--- Work item ---
Leaving out all pictures, return exactly the lines from the one that contains "Fraternitas Rosicruciana Antiqua" through the end of the data below.

--- Information shown ---
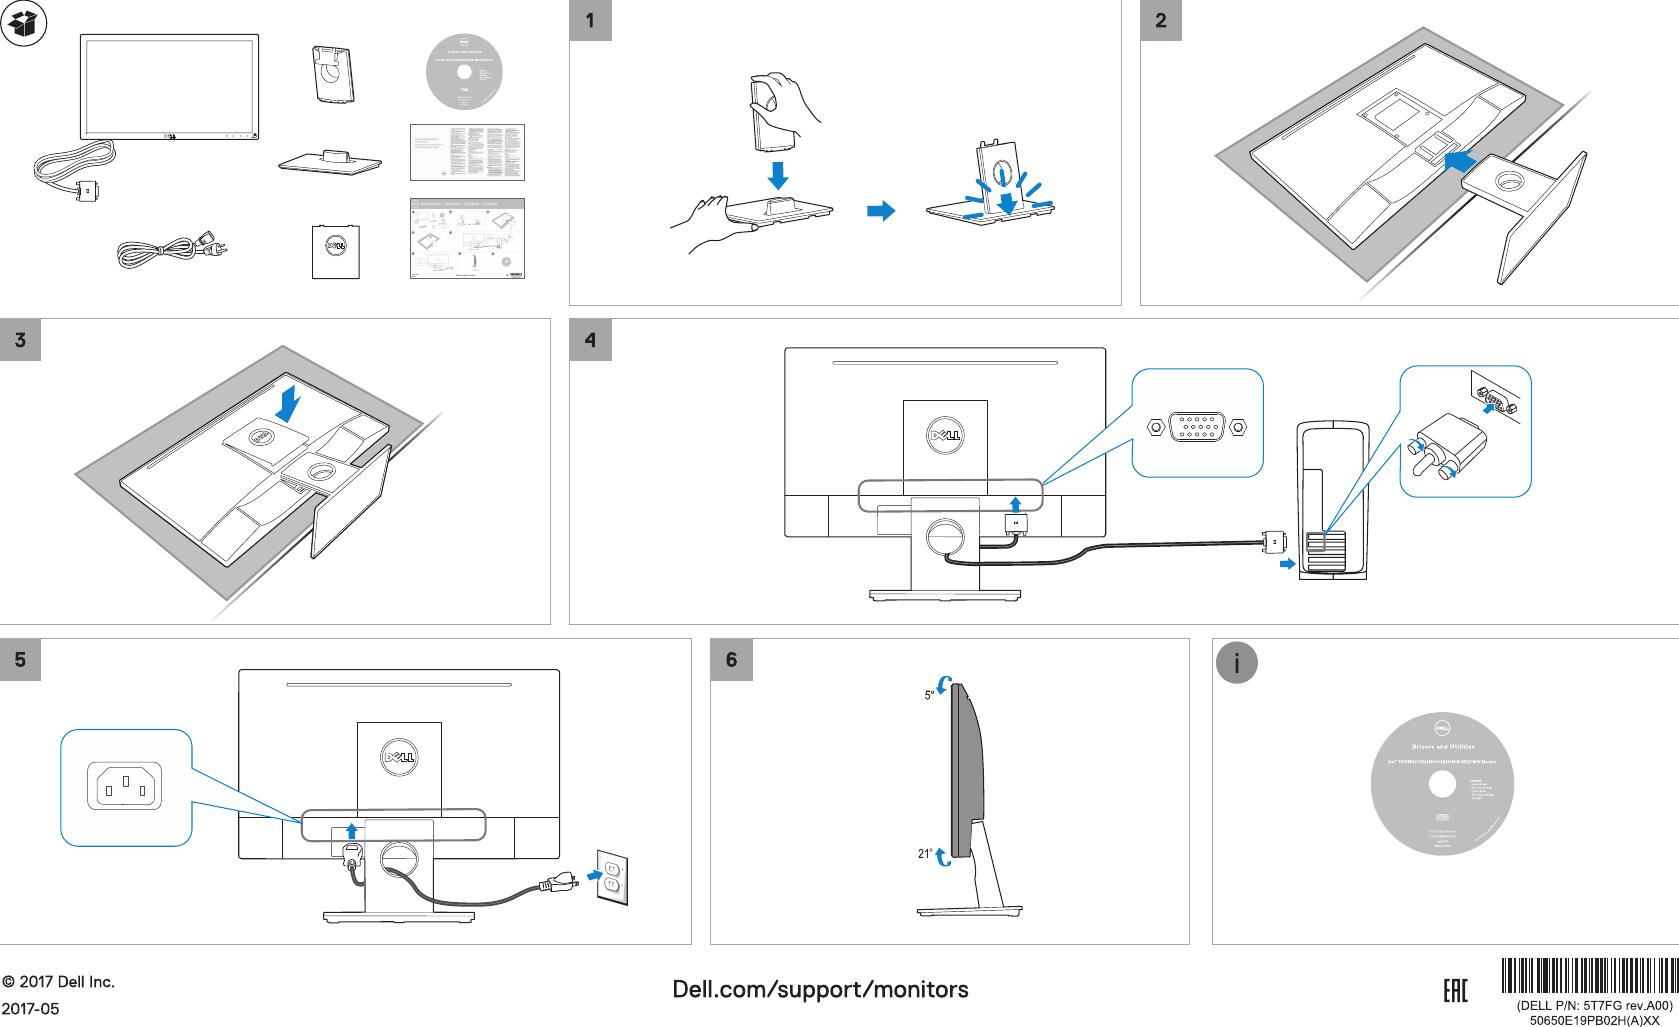 Dell Se Hv Monitor Stru Na Uvodni P Iru Ka User Manual Dal A Dokumenty Strua Na Aovodna
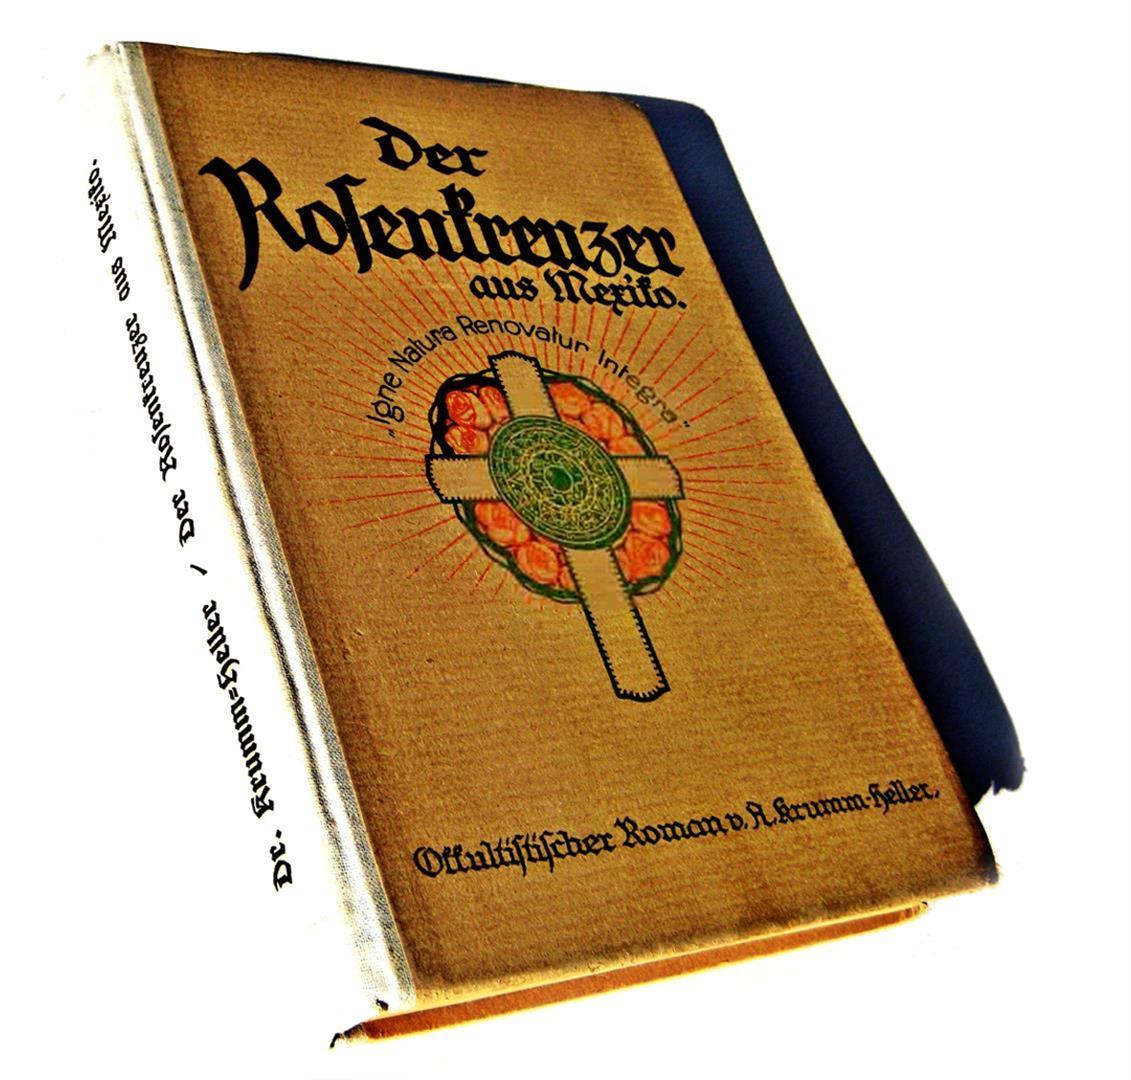 Fraternitas Rosicruciana Antiqua — Der Rosenkreuzer aus Mexiko — Arnoldo Krumm-Heller — Frater Huiracocha
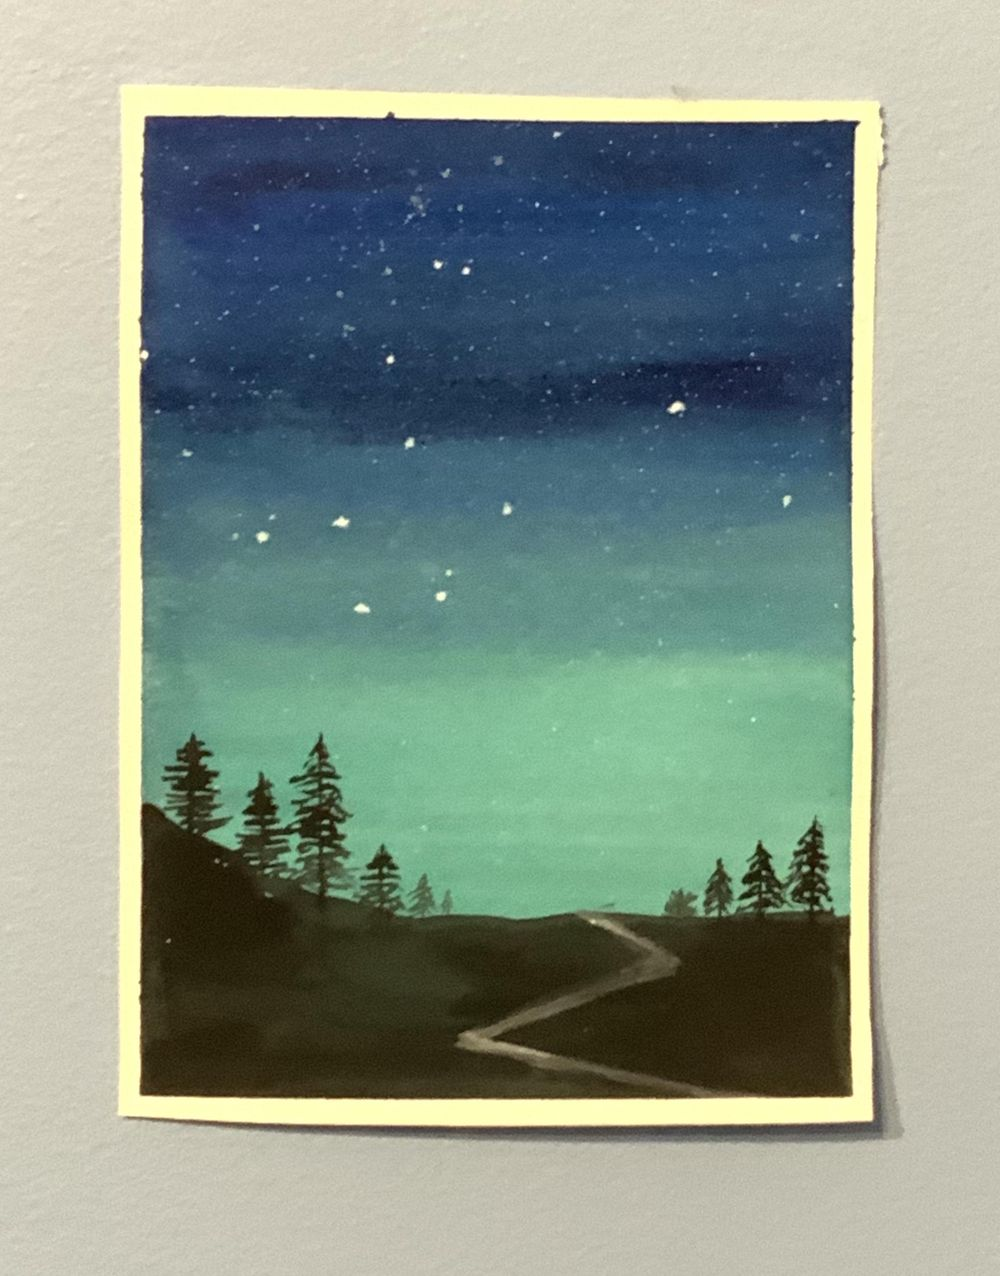 5 beautiful night skies - image 2 - student project

--- Solution to the problem ---
 Fraternitas Rosicruciana Antiqua — Der Rosenkreuzer aus Mexiko — Arnoldo Krumm-Heller — Frater Huiracocha
 5 beautiful night skies - image 2 - student project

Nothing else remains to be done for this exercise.